## RECORDS
★ ★ ★

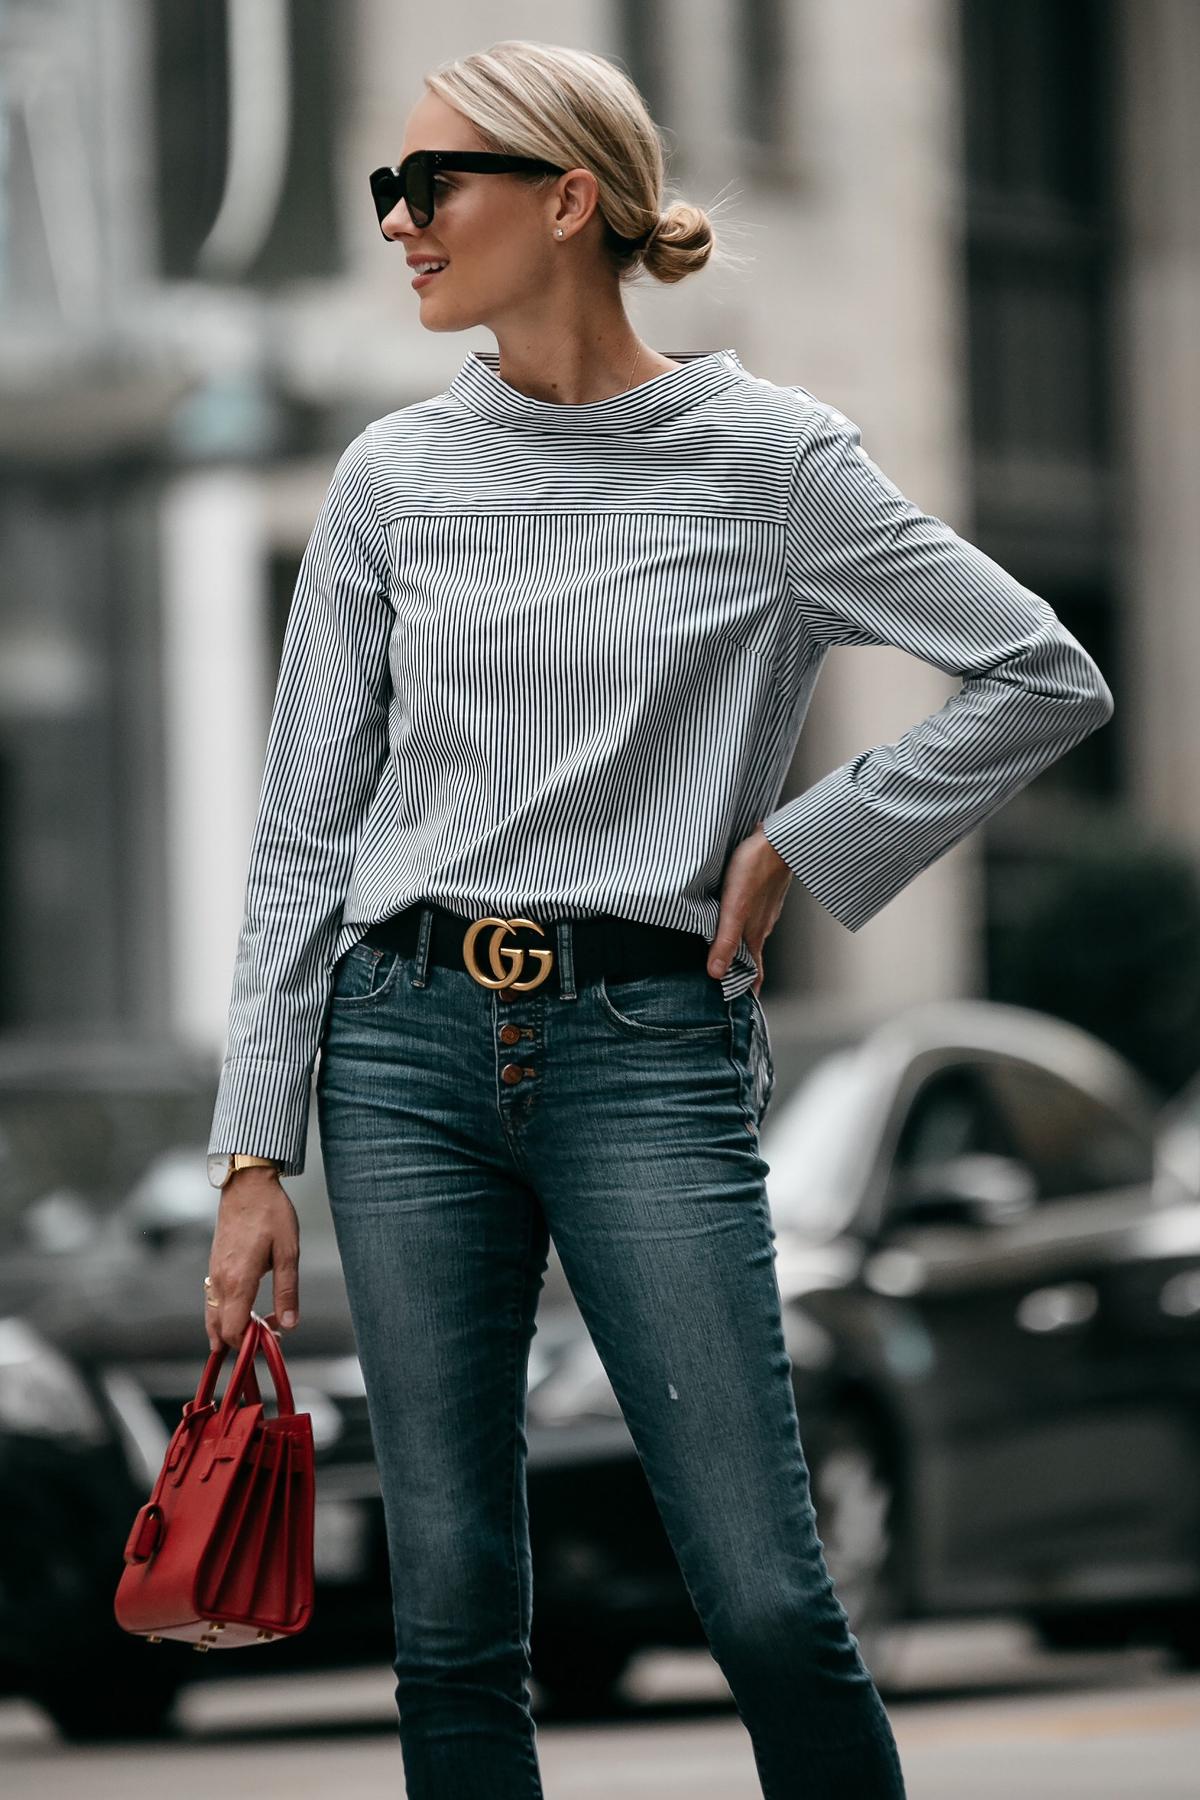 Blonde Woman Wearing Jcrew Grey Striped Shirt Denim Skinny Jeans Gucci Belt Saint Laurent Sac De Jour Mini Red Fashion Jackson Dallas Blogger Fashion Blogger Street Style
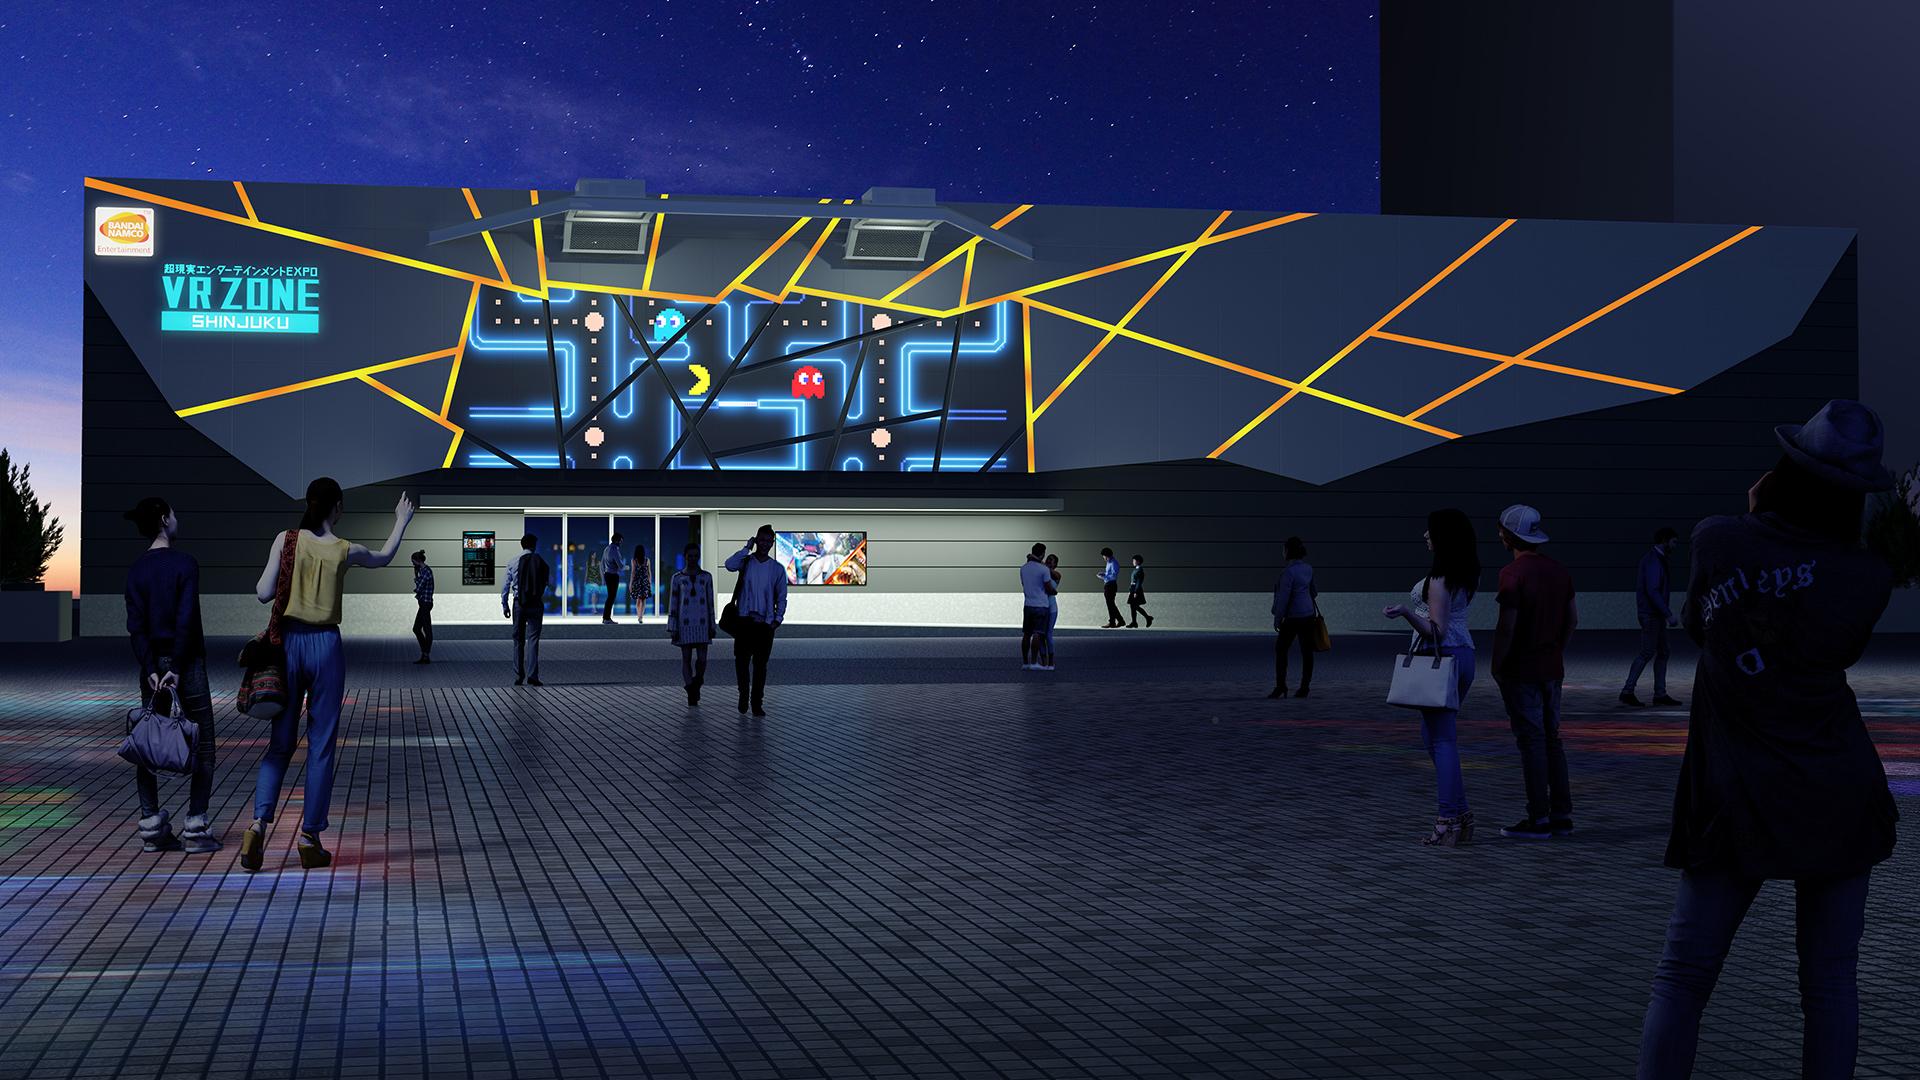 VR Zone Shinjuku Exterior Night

★ ★ ★

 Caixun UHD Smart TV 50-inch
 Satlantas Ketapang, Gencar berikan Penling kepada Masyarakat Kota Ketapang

★ ★ ★

## EXERCISE OBJECTIVE
Go to the line above that contains "Blonde Woman Wearing" and reproduce everything exactly from there through the line that contains "VR Zone Shinjuku Exterior Night", leaving out the pictures.

## SOLUTION FOR THIS TASK
 Blonde Woman Wearing Jcrew Grey Striped Shirt Denim Skinny Jeans Gucci Belt Saint Laurent Sac De Jour Mini Red Fashion Jackson Dallas Blogger Fashion Blogger Street Style
 VR Zone Shinjuku Exterior Night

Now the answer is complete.